What stood out that night, in the government's telling and in much of the country's own memory of it, was that the coup was stopped by people rather than by rival soldiers or foreign intervention. The Republican People's Party (CHP), Turkiye's main secular opposition party, condemned the coup within hours, as did the Peoples' Democratic Party (HDP), which represented Kurdish and other minority interests in parliament at the time and has since been succeeded by the DEM Party. That early, cross-partisan rejection is central to why July 15 is remembered less as a partisan event and more as a moment of national convergence.

Duran told reporters the 10th anniversary should be treated as a turning point in how deeply that night is fixed in the country's memory. "We regard 15 July as our nation's resistance, heroism, and victory," he said, framing the events as three overlapping acts of will: Erdogan's decision to call the country into the streets, the public's decision to answer, and the state's institutions moving to defend the government once the coup was underway.

The commemorative program leans heavily on state media and public installations. TRT, the Turkish Radio and Television Corporation and the country's public broadcaster, produced a drama series and a television film about the coup along with 19 documentaries, 13 for domestic audiences and six aimed at viewers abroad. Anadolu Agency (AA), the state-run news agency, published a photo and document collection titled "15 July: Witnesses to That Night." In Istanbul, the program includes a Quran recitation at Hagia Sophia with 253 reciters, one for each person the government counts among the dead, and 3D projection shows at the Galata Tower and the Maiden's Tower.

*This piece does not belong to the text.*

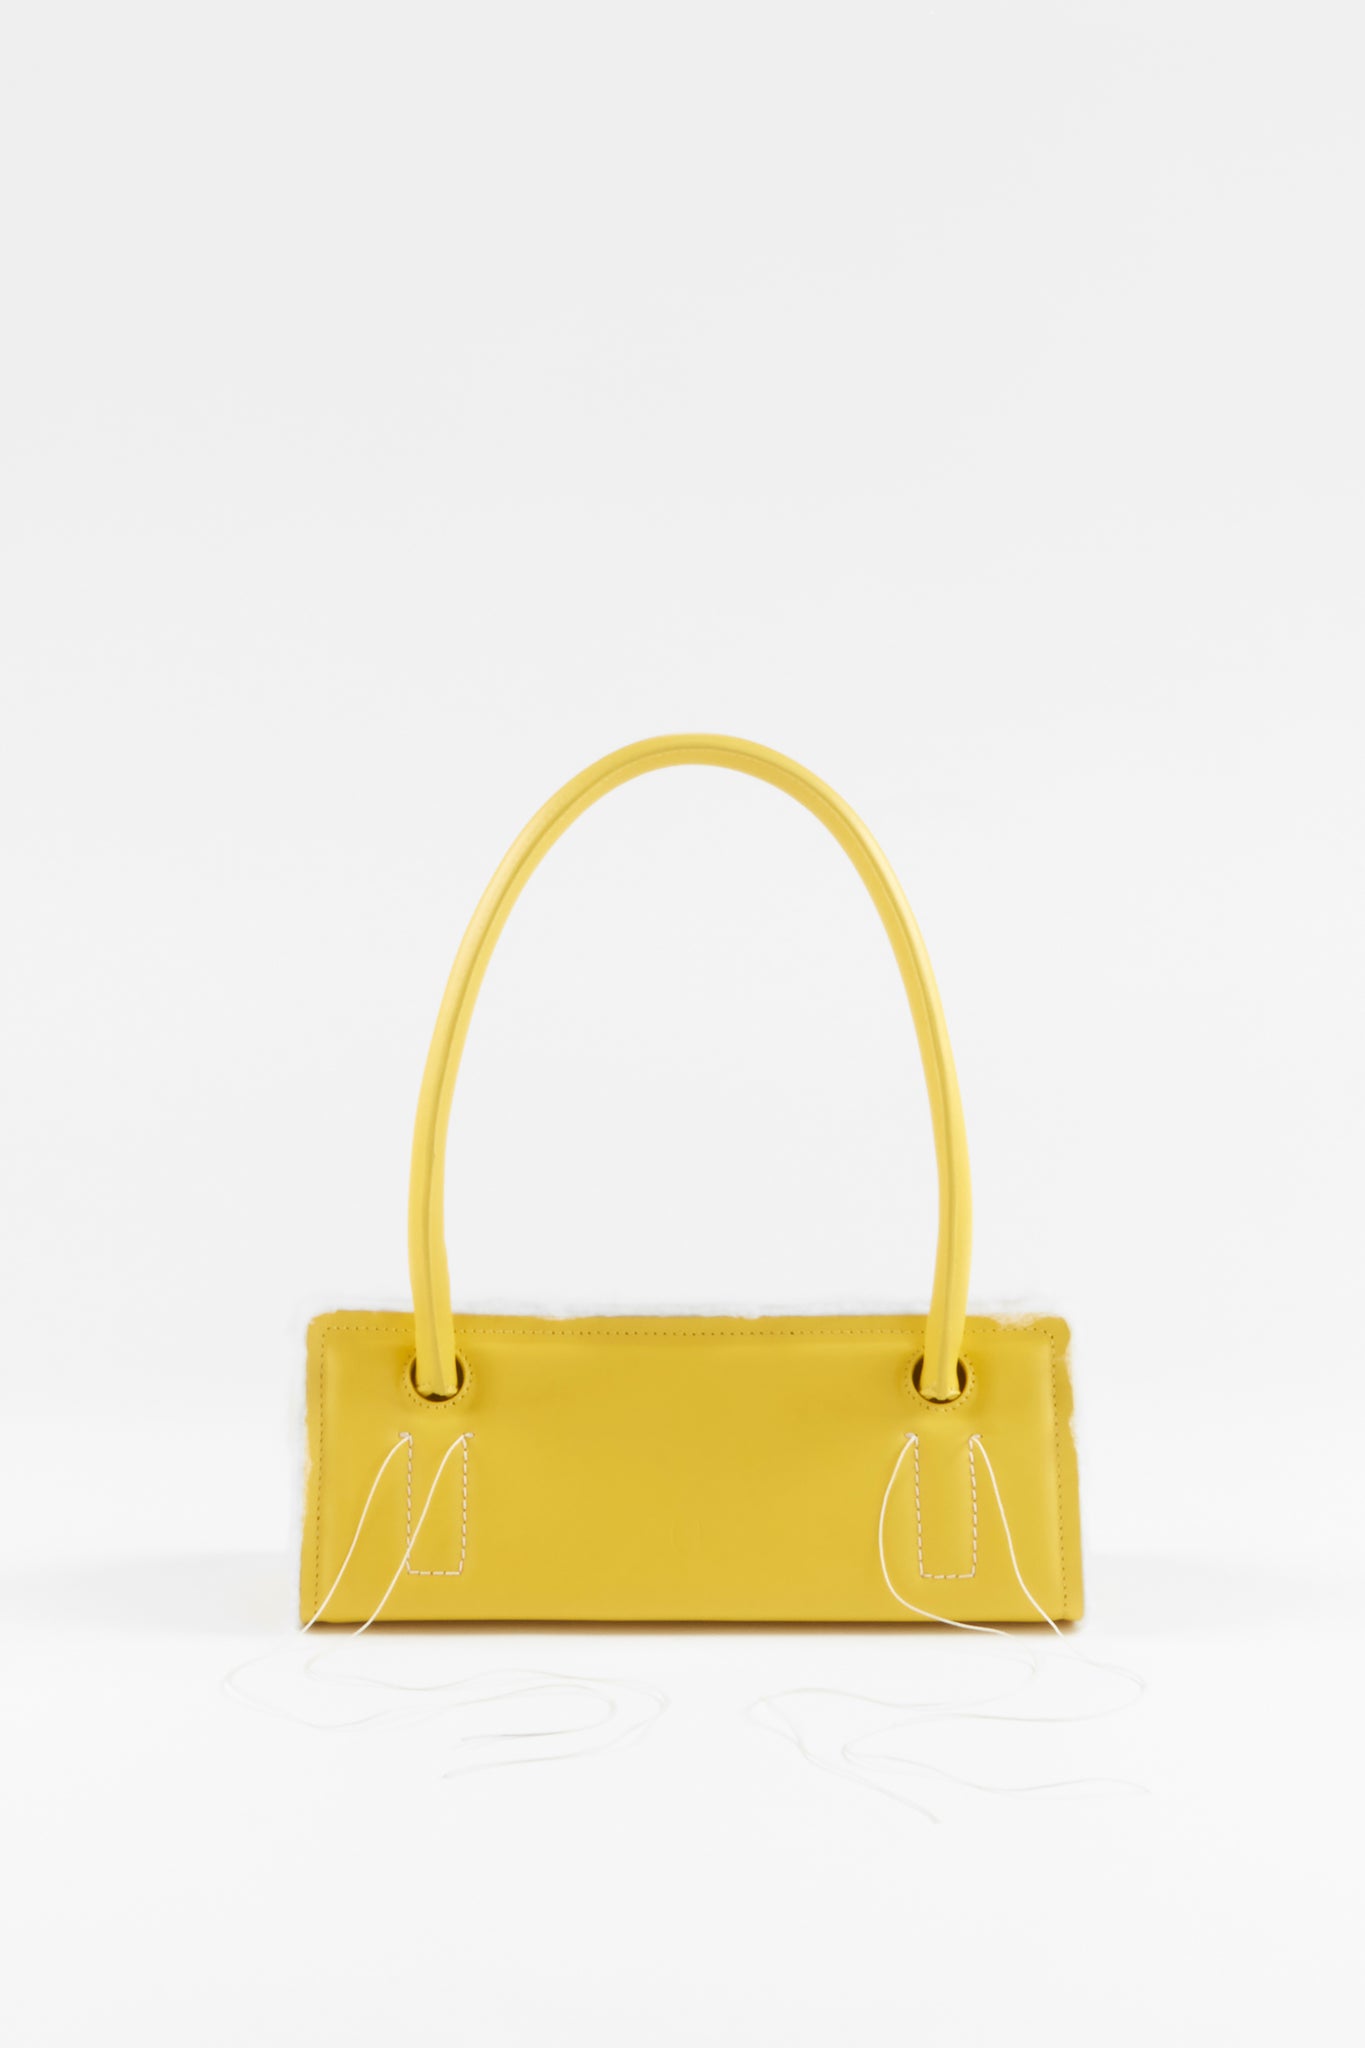 Buy BOLSA Women's Handbag (Yellow & Black) at Amazon.in

Duran said the events are aimed partly at reaching young Turks who were small children or not yet born when the coup happened. Of the more than 3,000 submissions to the National Memory Project, 120 came from applicants between 18 and 35 years old, a figure Duran cited as evidence that a new generation had, in his words, taken ownership of the July 15 victory. In the months after the coup, Turkish authorities also dismissed or detained hundreds of thousands of soldiers, teachers, judges and civil servants suspected of ties to Gulen's network, a process some Western governments criticized as too broad. Ankara has consistently defended the scope of that response as necessary to dismantle a network it says had burrowed into the state for decades.

"We will not forget 15 July, nor will we allow it to be forgotten," Duran said.